The Big Brother from Tangshan

The Big Boss is my introduction to the greatest martial artist who ever lived. Thanks to my parents, I’ve known the legend of Bruce Lee my entire life. I just haven’t seen any of his movies until very recently. Although it’s part of the experience, I saw them all with subtitles instead of awkward dubbing. After the cancellation of The Green Hornet, Bruce Lee struggled to find work for years. Despite having to leave his family and work in terrible conditions, filming a low budget movie in Hong Kong was the best decision he could’ve made.

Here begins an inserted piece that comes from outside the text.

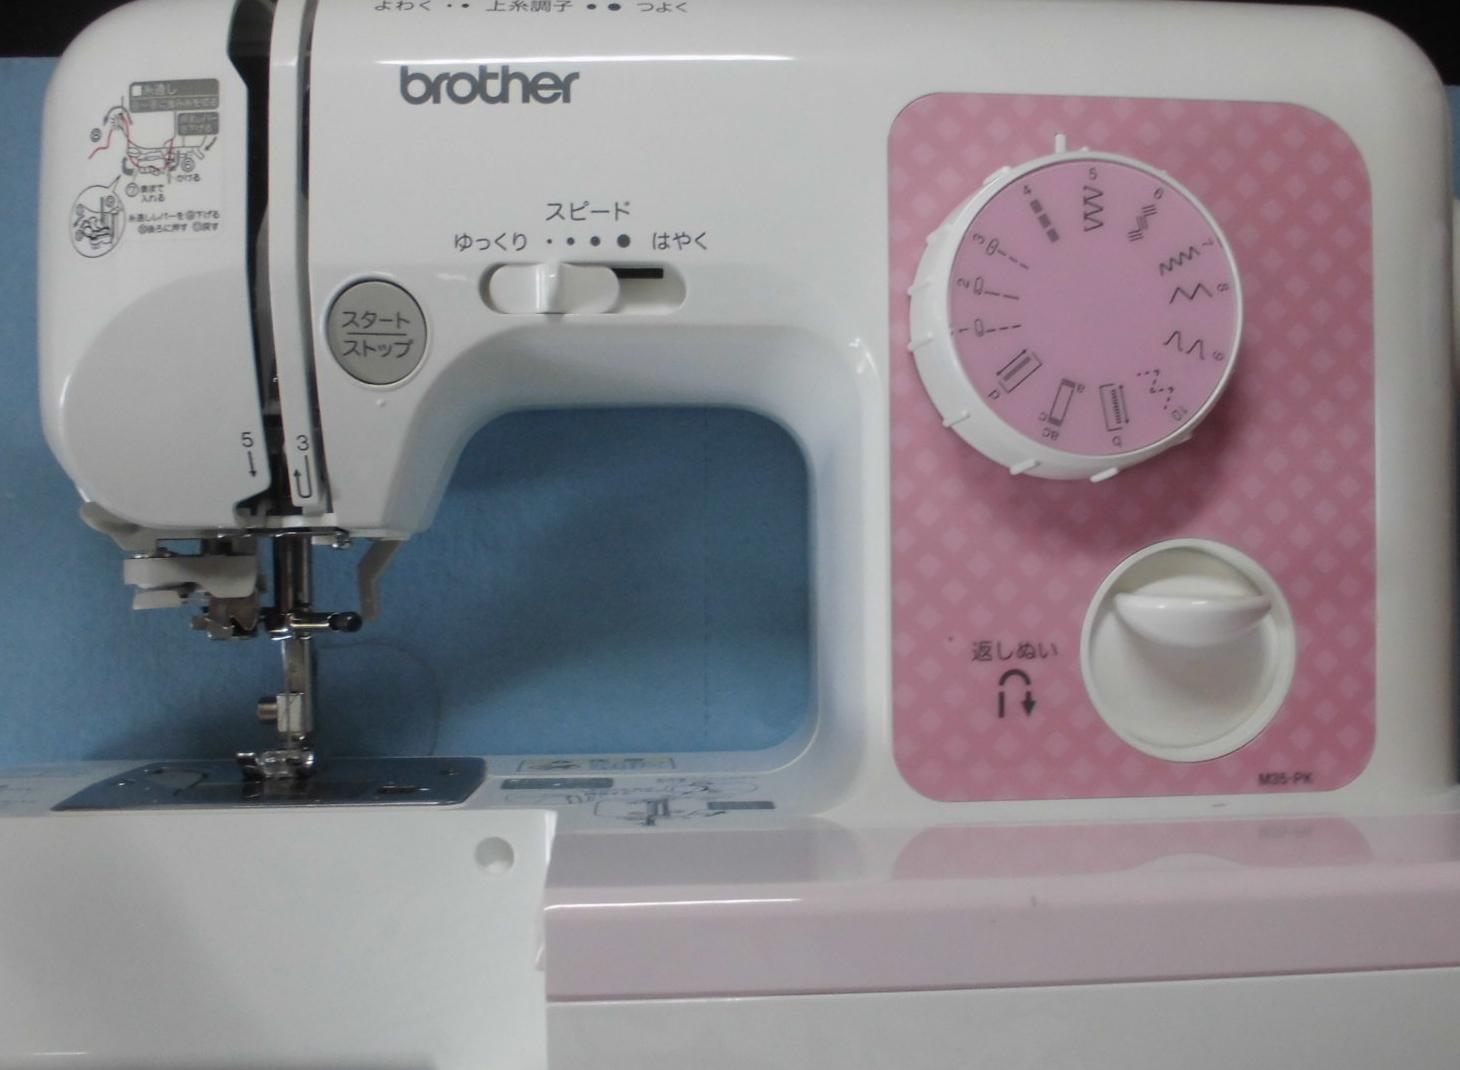 ブラザーミシン修理|ELU52|M35-PK|針棒がグラグラする、縫えない、布に針が刺さらない

Although confusingly titled Fists of Fury in America, The Big Boss became the most successful Hong Kong production at the time. Bruce Lee is cool because he broke free from Asian stereotypes and delivered intensely complex martial arts heroes. The Big Boss is definitely his most raw and bloody film. The 70’s were rife with R rated exploitation style violence. One scene involving a saw-to-the-head was so gory that it had to be cut. There’s also an expected nude scene involving a prostitute. The Big Boss is probably my third favorite of Bruce Lee’s four completed films.

Lee plays Cheng Chao-an, a big brother visiting his cousins in Thailand. Although I expected more, Cheng doesn’t fight thanks to a promise he made to his mother. When his jade necklace comes off, Bruce Lee lets loose with his signature fast-paced furosity. The Big Boss refers to the owner of his local ice factory who uses the business as a front to smuggle cocaine. When friends & relatives turn up missing, Cheng seeks bloody revenge. Despite the intense nature of his fights, there’s still room for humor like the big boss throwing a birdcage onto a hanger. The Big Boss isn’t flashy, but it is a powerful introduction to a martial arts legend.

1. The Big Boss

Cheng strikes

2 thoughts on “The Big Brother from Tangshan

  1. Bruce Lee was the man!! Sometimes I think he worked out a little too much, but you’ve got to admire his dedication. An interesting story is that Lee wasn’t the lead originally in the film, he was a supporting character. His co-star James Tien was meant to be the hero, but producer Raymond Chow saw something in Lee and ordered some script re-writes which lead to the final product.

    Lee and director/writer Wo Lei didn’t get along at all as Lee objected to many of Lei’s over the top ideas, and because Lee wasn’t a star yet, he couldn’t voice his opinions. In many cases he was right as Kung Fu films for the most part are highly stylized to the point of being fantasy.